(Dataset items)

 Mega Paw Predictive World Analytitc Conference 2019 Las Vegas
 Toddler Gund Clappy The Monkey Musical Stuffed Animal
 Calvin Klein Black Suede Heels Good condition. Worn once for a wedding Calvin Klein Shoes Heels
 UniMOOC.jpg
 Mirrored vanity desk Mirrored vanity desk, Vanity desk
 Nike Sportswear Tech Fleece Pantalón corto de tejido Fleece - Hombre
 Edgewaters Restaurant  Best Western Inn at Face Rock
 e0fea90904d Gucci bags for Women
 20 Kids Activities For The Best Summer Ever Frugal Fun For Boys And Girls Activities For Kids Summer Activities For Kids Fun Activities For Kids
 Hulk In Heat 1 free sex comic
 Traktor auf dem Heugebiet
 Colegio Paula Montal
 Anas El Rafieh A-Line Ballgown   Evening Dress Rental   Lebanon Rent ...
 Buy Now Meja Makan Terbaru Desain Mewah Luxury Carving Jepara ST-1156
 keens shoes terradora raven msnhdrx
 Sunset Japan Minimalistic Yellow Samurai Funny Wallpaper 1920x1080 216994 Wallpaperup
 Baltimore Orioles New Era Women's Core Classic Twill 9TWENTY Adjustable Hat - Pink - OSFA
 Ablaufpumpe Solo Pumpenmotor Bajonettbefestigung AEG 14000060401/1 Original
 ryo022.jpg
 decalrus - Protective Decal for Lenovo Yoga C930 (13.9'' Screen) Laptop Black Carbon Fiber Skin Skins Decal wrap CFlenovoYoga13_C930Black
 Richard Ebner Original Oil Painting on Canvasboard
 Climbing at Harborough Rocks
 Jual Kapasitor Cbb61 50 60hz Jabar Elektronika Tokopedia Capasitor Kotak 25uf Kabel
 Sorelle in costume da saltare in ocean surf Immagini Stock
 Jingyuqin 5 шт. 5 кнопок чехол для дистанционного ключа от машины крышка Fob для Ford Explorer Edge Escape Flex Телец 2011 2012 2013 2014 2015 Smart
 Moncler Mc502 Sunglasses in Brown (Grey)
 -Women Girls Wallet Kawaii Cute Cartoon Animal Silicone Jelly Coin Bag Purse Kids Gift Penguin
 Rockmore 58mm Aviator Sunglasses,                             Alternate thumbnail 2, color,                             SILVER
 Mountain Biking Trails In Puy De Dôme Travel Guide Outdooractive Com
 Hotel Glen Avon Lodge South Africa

» What you need to do: Return all of the above records exactly, leaving no line out.

» Result of the exercise:
 Mega Paw Predictive World Analytitc Conference 2019 Las Vegas
 Toddler Gund Clappy The Monkey Musical Stuffed Animal
 Calvin Klein Black Suede Heels Good condition. Worn once for a wedding Calvin Klein Shoes Heels
 UniMOOC.jpg
 Mirrored vanity desk Mirrored vanity desk, Vanity desk
 Nike Sportswear Tech Fleece Pantalón corto de tejido Fleece - Hombre
 Edgewaters Restaurant  Best Western Inn at Face Rock
 e0fea90904d Gucci bags for Women
 20 Kids Activities For The Best Summer Ever Frugal Fun For Boys And Girls Activities For Kids Summer Activities For Kids Fun Activities For Kids
 Hulk In Heat 1 free sex comic
 Traktor auf dem Heugebiet
 Colegio Paula Montal
 Anas El Rafieh A-Line Ballgown   Evening Dress Rental   Lebanon Rent ...
 Buy Now Meja Makan Terbaru Desain Mewah Luxury Carving Jepara ST-1156
 keens shoes terradora raven msnhdrx
 Sunset Japan Minimalistic Yellow Samurai Funny Wallpaper 1920x1080 216994 Wallpaperup
 Baltimore Orioles New Era Women's Core Classic Twill 9TWENTY Adjustable Hat - Pink - OSFA
 Ablaufpumpe Solo Pumpenmotor Bajonettbefestigung AEG 14000060401/1 Original
 ryo022.jpg
 decalrus - Protective Decal for Lenovo Yoga C930 (13.9'' Screen) Laptop Black Carbon Fiber Skin Skins Decal wrap CFlenovoYoga13_C930Black
 Richard Ebner Original Oil Painting on Canvasboard
 Climbing at Harborough Rocks
 Jual Kapasitor Cbb61 50 60hz Jabar Elektronika Tokopedia Capasitor Kotak 25uf Kabel
 Sorelle in costume da saltare in ocean surf Immagini Stock
 Jingyuqin 5 шт. 5 кнопок чехол для дистанционного ключа от машины крышка Fob для Ford Explorer Edge Escape Flex Телец 2011 2012 2013 2014 2015 Smart
 Moncler Mc502 Sunglasses in Brown (Grey)
 -Women Girls Wallet Kawaii Cute Cartoon Animal Silicone Jelly Coin Bag Purse Kids Gift Penguin
 Rockmore 58mm Aviator Sunglasses,                             Alternate thumbnail 2, color,                             SILVER
 Mountain Biking Trails In Puy De Dôme Travel Guide Outdooractive Com
 Hotel Glen Avon Lodge South Africa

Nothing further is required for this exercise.